レオナルド視点。「51.悪役」の数日後の話。



 カツカツと足音を立て、室内に入ったレオナルド。

 控えていた部下に上着を渡し、ソファーに腰を下ろした彼は、短く息を吐く。


「午後からの予定は、本日復帰するヴァネッサが引き継ぎます」

「分かった」


 レオナルドの返事を聞いた部下は、手渡された上着を整えた後、部屋を出て行った。その部下と入れ替わるようにして、メイドがティーセットを運び入れる。ソファーへと背を預けていたレオナルドは、体を起こし、注がれたカップに口をつけた。


 珍しく、スペンサー嬢からの希望で“お茶会”を開いたのが三日前。そこで、ヴァネッサに関する、にわかには信じがたい話を聞いた。

 通常であれば、彼女の話を鵜呑みにすることは、まず無いだろう。しかし、これまで彼女から提供された情報の内容や、あの自信に満ちた顔に、もしかしたら本当に────と、思ってしまっていた自分に驚いた。


 結局、アイヴィーとのお茶会後にすぐ、部下をクスタードの森へ向かわせたレオナルド。説明に合った通り、森の奥、二本に分岐した川を下って行った先に、滝が流れ落ちる湖があった、と帰ってきた部下から報告を受けたのが、つい先ほどの事だ。


「まさか、本当に……」


 レオナルドは、再びソファーに深く沈みながら黙考する。

 しかし、だとすれば、長年閉じ込めてきたこの行き場のない想いを打ち明けることができ、明るい未来へ向かえるのではないだろうか。しかも、俺だけではなく、国全体でだ。


 “ロッソと森の龍”


 ソレ(・・)は確かに、この辺りの国の人間なら誰でも知っているほど、有名な伝承である。

 だが、それだけではない。

 このアルバ帝国を築いた際、幾多もの国が傘下となった時から、皇族にのみ教えられ、後世へと引き継がれている書物の中に記されている────赤金に輝く髪と瞳を持つ少女と、その子を寵愛する守護龍の記録。

 その本を読めば、誰もが知るその御伽噺が、本当に過去に起こった事であると信じずにはいられない程であった。


 レオナルドは、その本の内容を知るはずのないアイヴィーから、ヴァネッサについて聞かされた時のことを思い出す。


「…………ッ」


 あの時、最後に見せた真っ黒なアイヴィーの笑みを思い出したレオナルドは、ぶるっと背筋を伝う悪寒に身を震わせた。


「あの顔は、悪役というより悪魔のようだったな」


 思い出しては体が冷える感覚を覚えたレオナルドは、あの顔は忘れようとお茶と共に用意された茶菓子へと手を伸ばす。


──さて、ヴァネッサにはどう話を切り出すか。


 彼女が何も知らず休養している間に、話はとんでもないほど大きくなっている。

 この後、スペンサー嬢から聞いた事を伝え、今後を話し合うべきだろうな……。

 レオナルドがそう結論を出した時、扉をノックする音が響いた。


「失礼します。とても長いお休みを頂いておりましたが、本日から泣く泣く復帰致します」

「……あぁ」


 部屋に入るなり、いつもの口調でそう言ったヴァネッサ。充分に休養したこともあり、顔色は良く見える。しかし、レオナルドは彼女の手元に視線を落としながら、気おされたように答えた。

 頭を上げたヴァネッサは、あぁ、とレオナルドの視線に気づき、お茶と共に用意されていたお皿の上に、紙袋の中身を移した。


「実は、あの時……殿下が席を立った時に、残りの茶菓子を全て食べてしまったのは……またこうして殿下が食べて喜んでくれるよう……味を覚えて、練習するためだったんです」

「……ヴァネッサ」


 そう言いながら不器用に笑ったヴァネッサを見て、レオナルドは零すように彼女の名前を呼んだ。

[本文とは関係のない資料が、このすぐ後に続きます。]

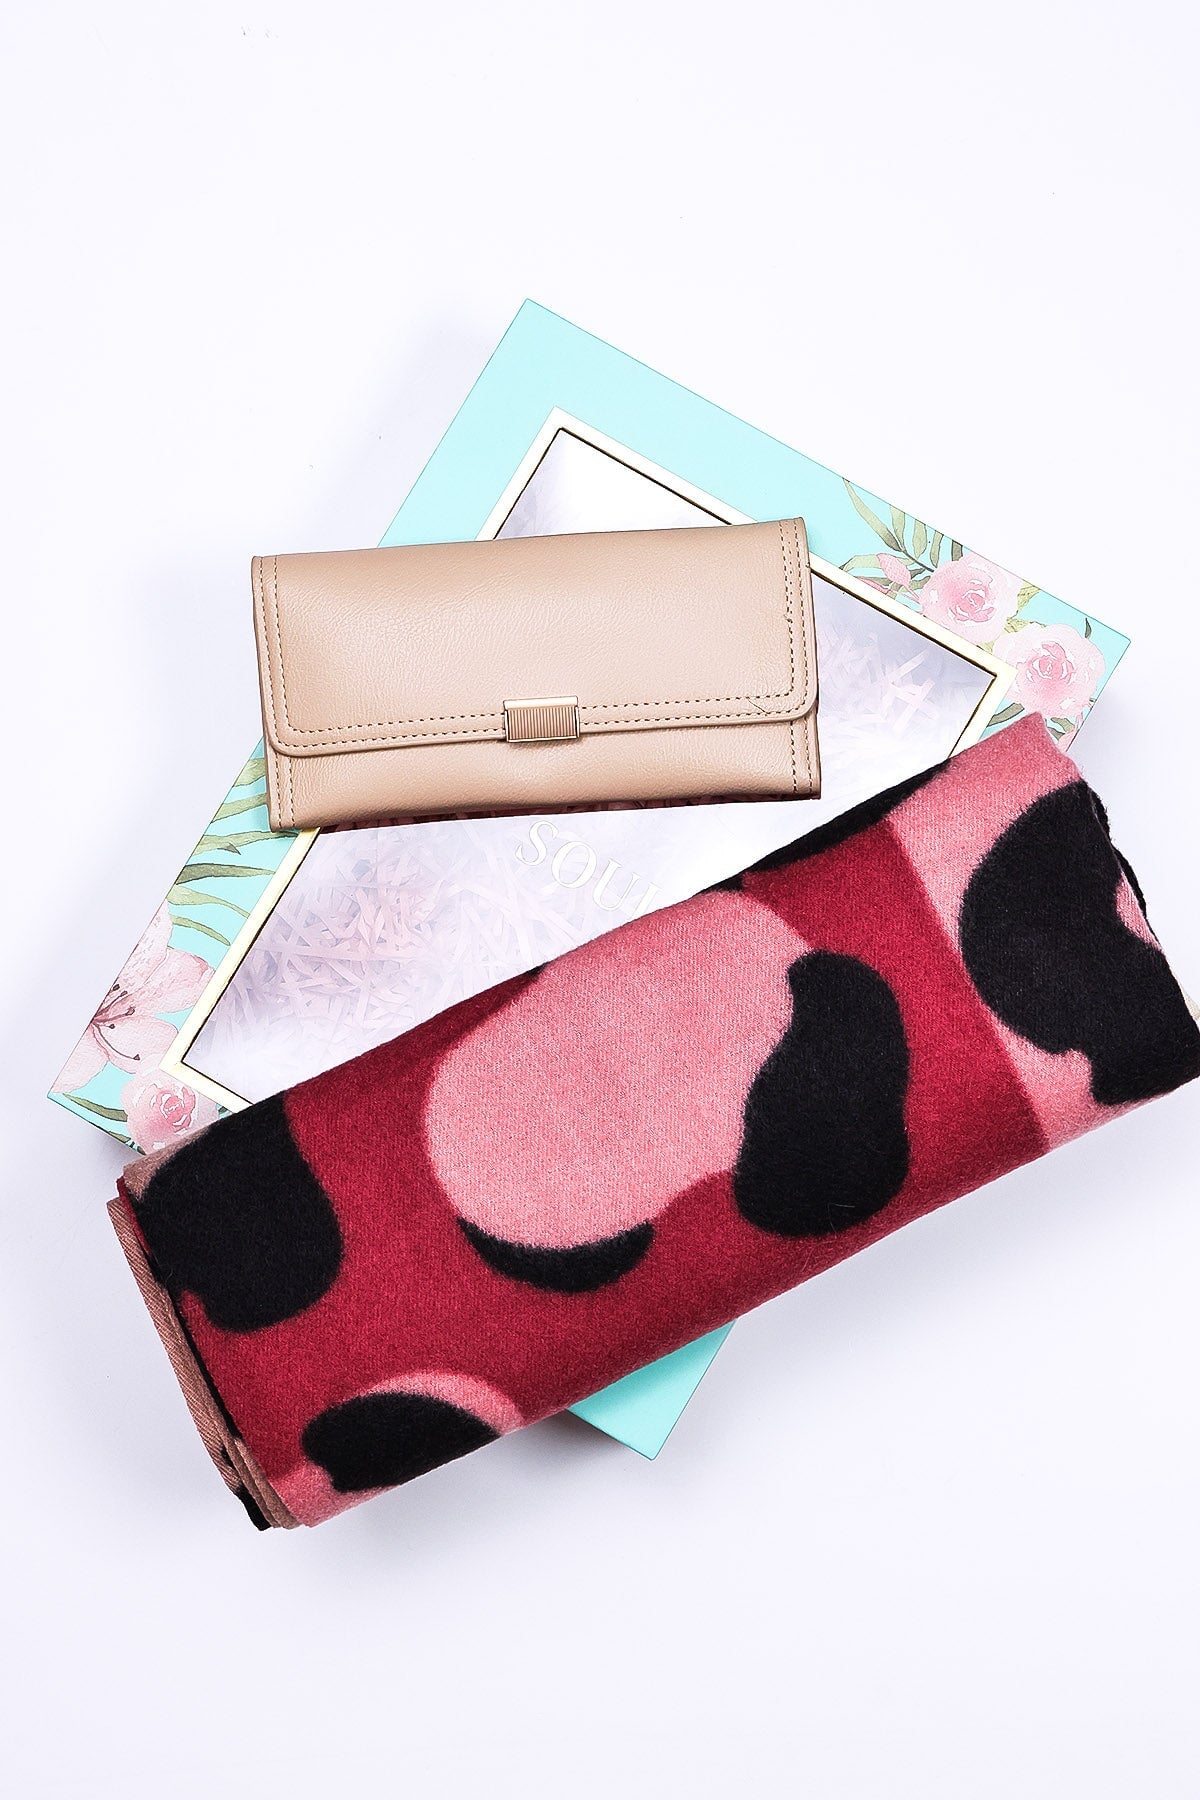 Luxury Pink Twilly Scarf For Bag For Women Designer Handbag With Headband  And Decorative Purse Material Fashionable Street Shopping Accessory PJ079  C23 From Hgldhgate, $4.83 | DHgate.Com

 皿の上には、袋から取り出した様々な形の茶菓子が並べられている。


「いや、嘘だろう。だったらなぜ、これまでの数年間なにもなかったんだ」

「…………」


 ヴァネッサをジトっとした目で見つめながらそう言ったレオナルド。無言になったヴァネッサが持ってきた、あの日の────ヴァネッサが横取りをして食べてしまった────ルーティアさんの作る茶菓子を再現したらしいモノに目をやる。

 その中から一枚、手に取って口に入れる。


 ボリッ


「…………」


 形状も、色も、何もかも、あの頃に食べていた茶菓子とは違う。

 全くの別物である。

 味も……正直言って、あまり美味しくはない。


「まぁ……、いいんじゃないか」

「……!」


 そう言って、パクッと手に持っていた残りをすべて口に放りこんだレオナルド。ヴァネッサは目を丸くした。

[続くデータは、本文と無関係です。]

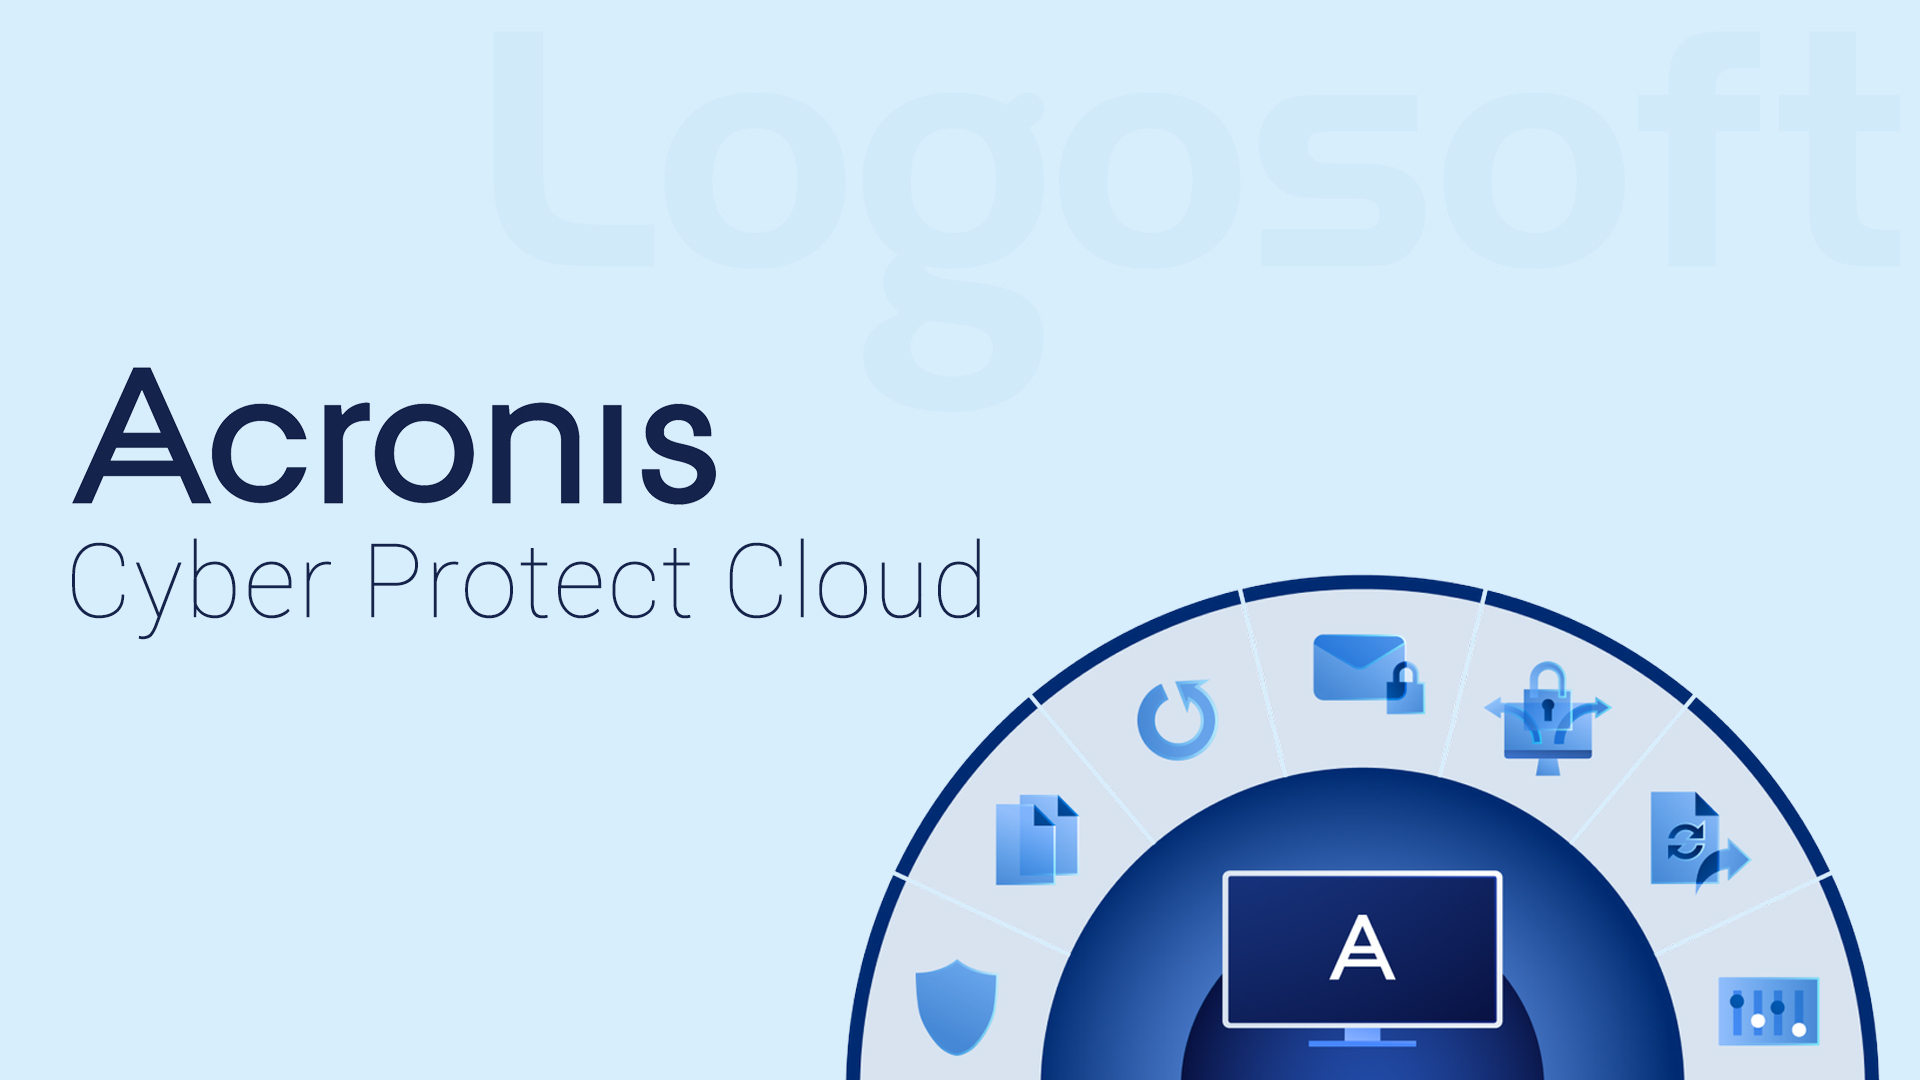 Acronis Cyber Protect Cloud Licensing Model

「ラスカと共に作ったのですが、少し分量を間違えてしまったようで……失敗作だったのですが、殿下の口にはあったようでよかったです」

「…………」


 驚いた表情のままそう言ったヴァネッサを見て、レオナルドは目を細める。目の前に置かれている皿の上には、まだたくさんのお菓子が積まれている。その中から一つ、今度はハートの形のクッキーを手に取る。


「これは……ヴァネッサ、君が作ったのか」

「いえ、それはラスカです」

「……君が作ったのは無いのか」

「私のはこちらです」

「これは……」


 レオナルドはヴァネッサが指さした、不思議な形のクッキーを手に取り、様々な方向から観察する。


「ドラゴン?」

「ネコです」


 味覚も音痴で見る目もないんですね、と呟いたヴァネッサに対抗するように、レオナルドは再び山の中から一つ、一際不格好なクッキーを手に取る。


「もしかして、この不細工なのも君が?」

「すごい! どうして分かったのですか? それはレオナルドの顔です」

「…………」


 相変わらずの憎まれ口。

 しかし、どこか楽しそうな彼女の姿を見て、レオナルドは口を噤んでいた。

 本当はこの後、ヴァネッサにアイヴィーから聞いた内容を伝えたのち、気持ちを打ち明け、共にクスタードの森へ行ってみよう、と提案するつもりでいたのだが……。


──調査と称して陛下直属の騎士と、あとは謁見希望も出して、書類も準備しておこう


 レオナルドはヴァネッサには黙って、全ての準備を急がせることを決めた。


 こうして、ヴァネッサはレオナルドからこれといった説明もなく、突然「出かけよう」と言われ、クスタードの森へと連れていかれた。そして、そこで祝福を受けたヴァネッサは、訳が分からないまま、レオナルドと共に陛下に謁見するという目まぐるしい数日を送ることになった。書類にサインをする段階……外堀を完全に埋められた状態になってから、ようやく我に返ったヴァネッサは、レオナルドに説明を求め、そこで初めて想いを伝えられたのであった。